Abstract

Daily light-dark patterns incident on human eyes play an important role in maintaining a healthy circadian rhythm. The lack of daytime light in indoor spaces could negatively impact the occupants’ health and well-being in the long term. Therefore, applying circadian lighting in certain built environments is attractive.In this work, we introduce innovative methods for circadian lighting design and investigate the potential of efficacy improvement by comparing these methods with traditional lighting design approaches.
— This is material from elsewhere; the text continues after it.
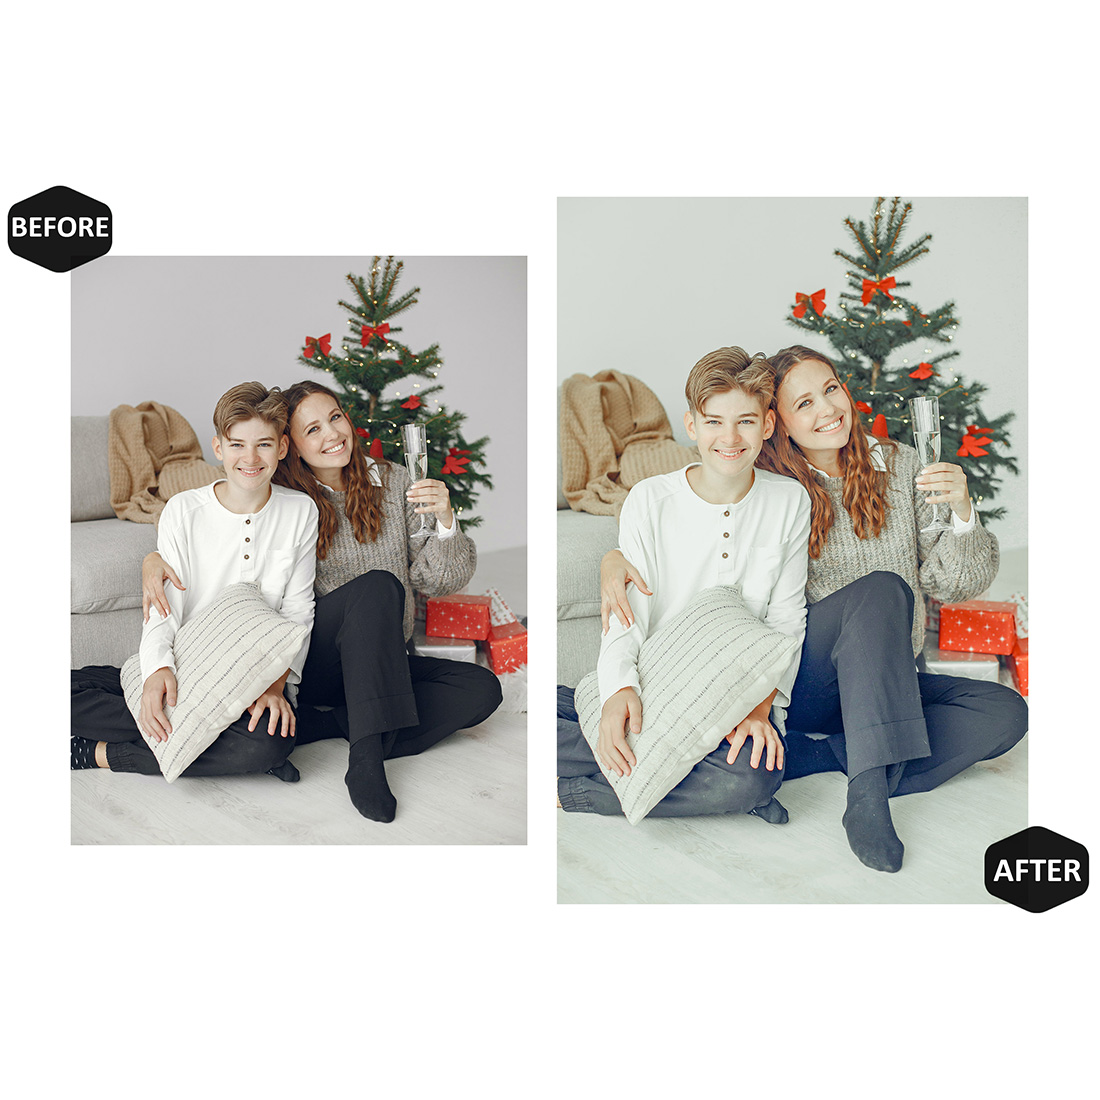 12 Delights December Lightroom Presets, Christmas Mobile Preset, White Xmas Desktop LR Filter Scheme Lifestyle Theme For Portrait, Instagram preview image.

For the spatial aspect, we show that the regular lighting design approach focusing on horizontal workplane illuminance could lead to a very inefficient delivery of indirect corneal illuminance compared with the proposed method of distributing initial flux to a highly reflective room surface; for the spectral aspect, it is shown that the traditional approach of pursuing high luminous efficacy could potentially lead to the worst-case scenario for circadian efficacy based on a four-component color-mixing analysis. Two leading spectral sensitivity models for the circadian system (i.e., the CLA model and the EML model) are compared, each of which leads to different trends of spectral circadian efficacy versus color temperature but the same strategy for spectral optimization. Based on the analysis in both the spatial and spectral aspects, a framework of efficient circadian lighting solutions is proposed to guide new good lighting design with health benefits. It is shown that the proposed new approaches can potentially improve the overall circadian lighting efficacy by up to 3.6 times.